Dominican Monastery at Ptuj
In 1230, after obtaining the approval of the Archbishop of Salzburg the widow of Friedrich III of Ptuj, Mehtildis, donated land on the western edge of Ptuj to the Dominican Order. The first construction period got underway following the arrival of monks from Friesach (Carinthia), who built a two-storey monastery with cloisters in the south and more prominent east wings. However, in 1302 the monastery burnt down and its renovation lasted until the mid-14th century. During this period the west part of the cloister was built and its east wall painted. Reconstruction and renovation works went on into the 15th and 16th centuries. During the 17th century various Baroque modifications were made, and in the early-18th century the east part of the church façade, facing the town, was covered with rich stucco work and adorned with statues. The monastery refectory was equally influenced with Baroque elements, and its vault was covered with stucco works and paintings.

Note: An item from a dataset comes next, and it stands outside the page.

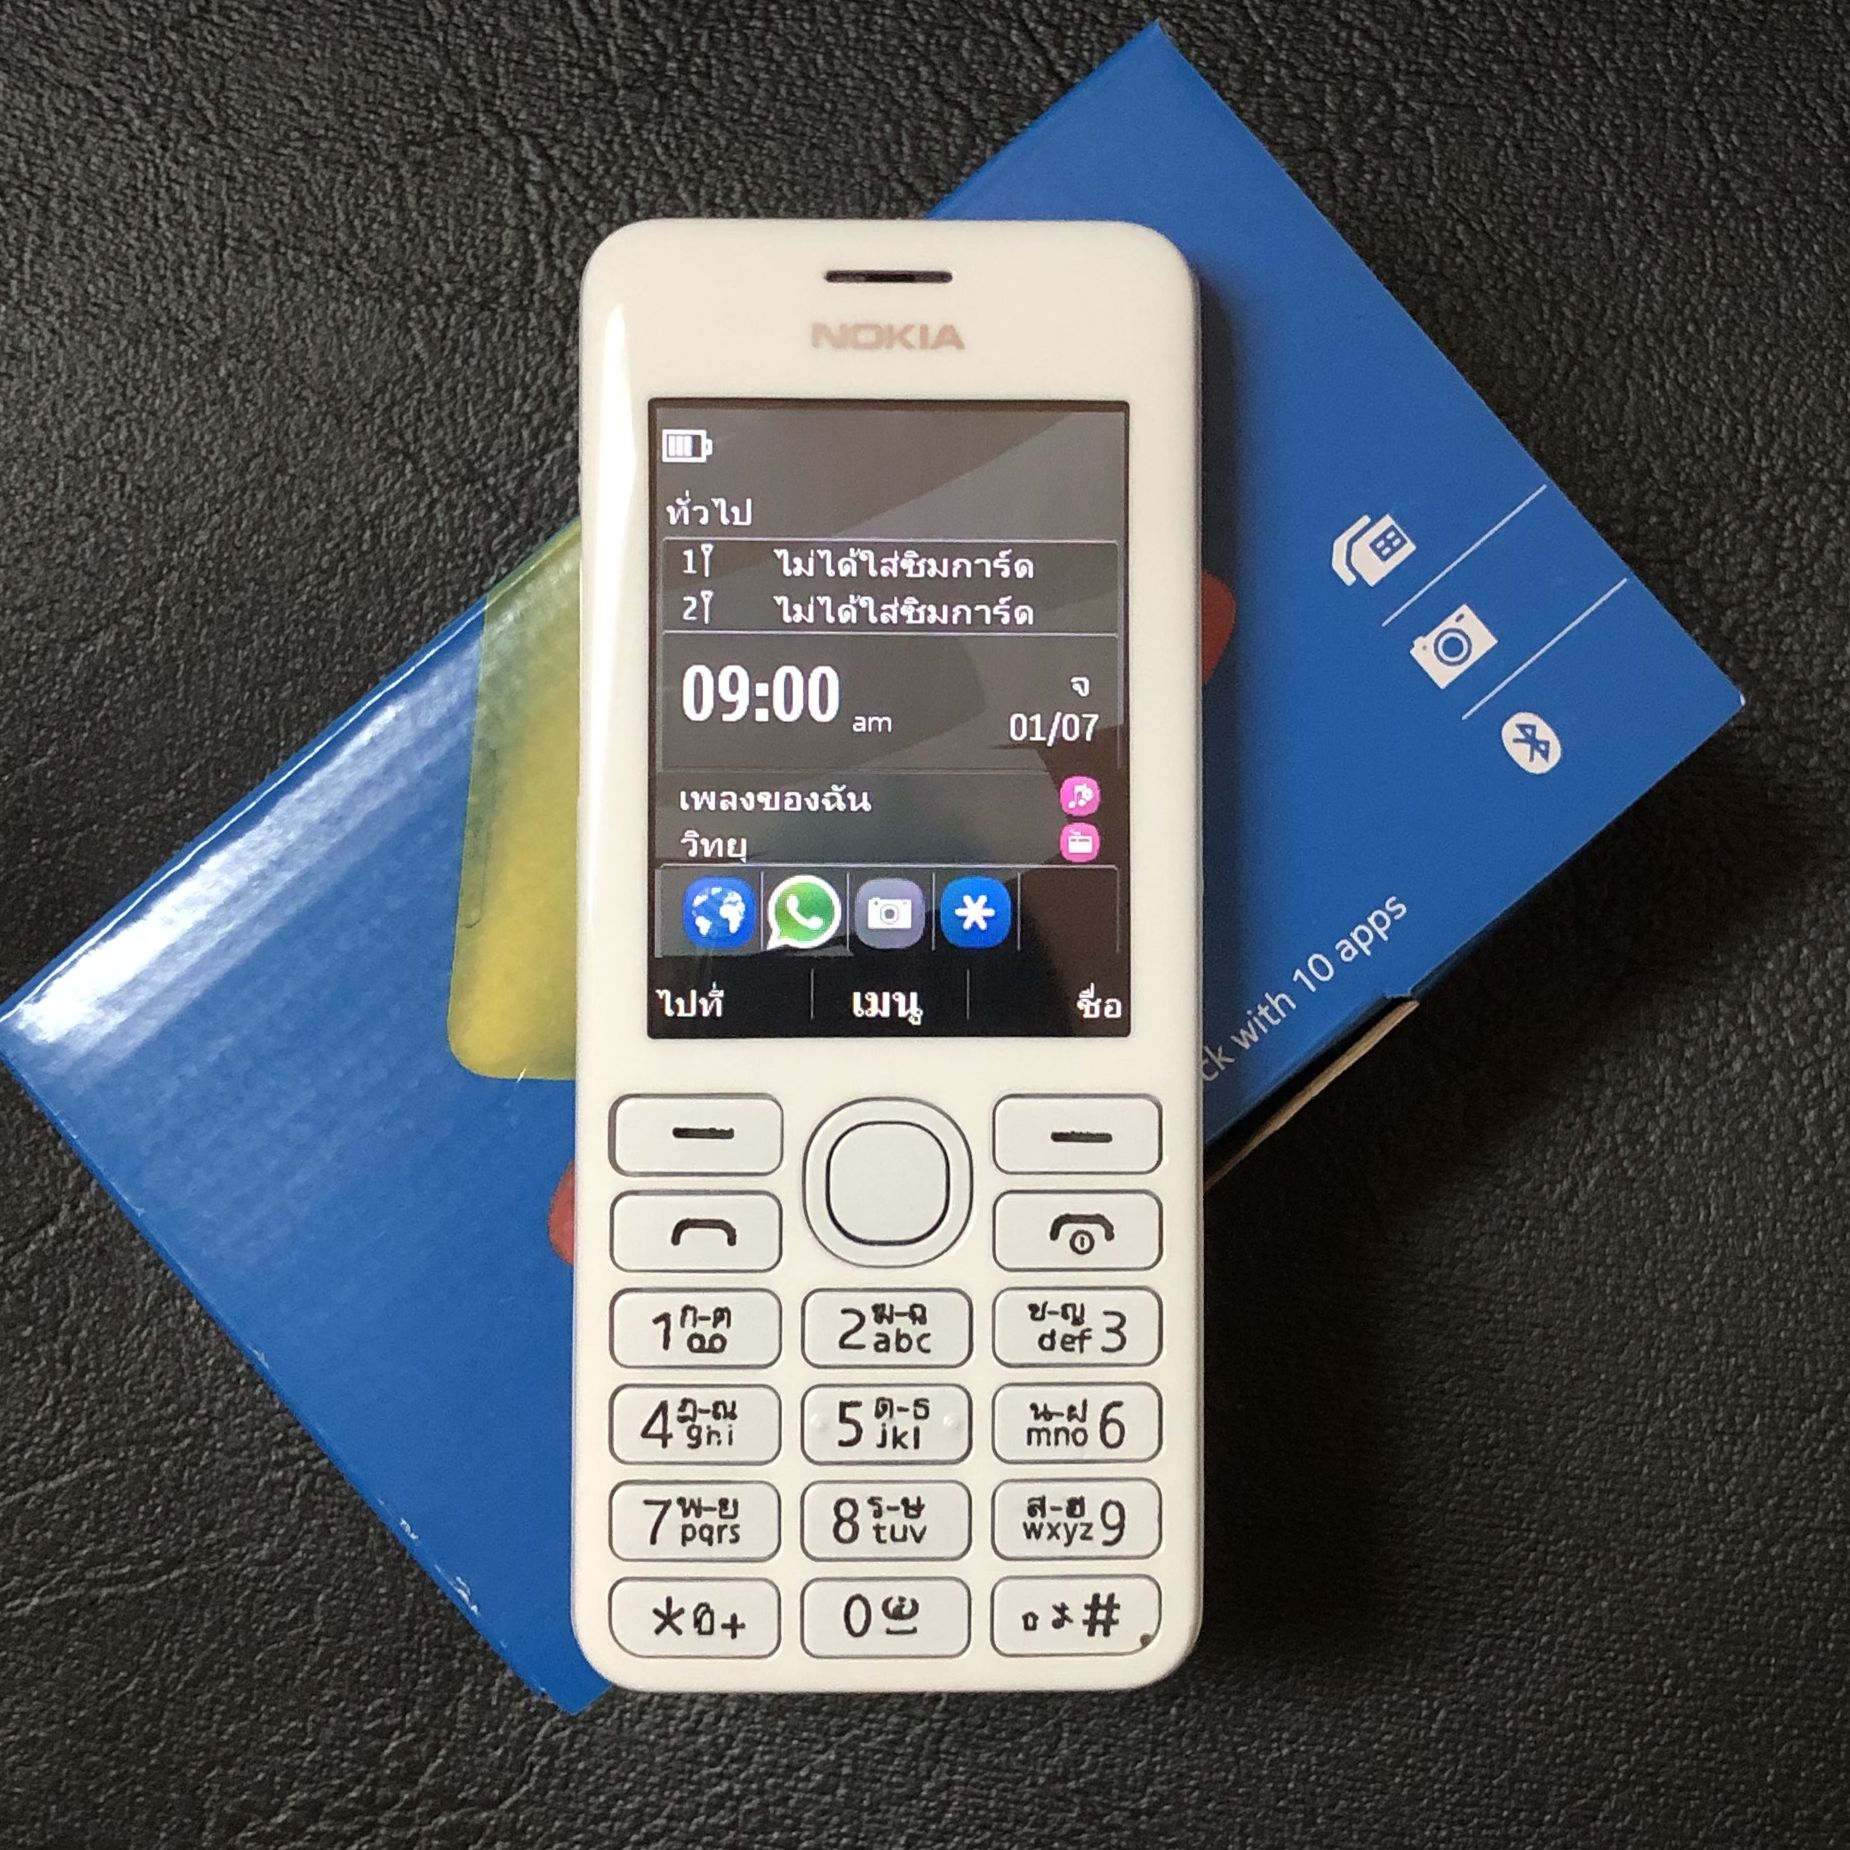 Nokia 206 โทรศัพท์มือถือสำหรับผู้สูงอายุ สามารถใช้ซิมการ์ด AIS TRUE 4G

The principal activities of the Dominicans in Ptuj were preaching, pastoral care, economic operations and education. They also had a rich library and archive. The monks inhabited the monastery until 1785 when it was dissolved under the reforms of Joseph II. Later, it was occupied by soldiers and craftsmen. The complex was assigned to various purposes until the 1920s, when the museum society gradually moved in. In 1926 the monastery was bought by the municipality and renovated for use as a municipal museum and also for housing purposes (till 2011). The renovation works discovered, both historically and artistically, the most interesting parts of the monastery.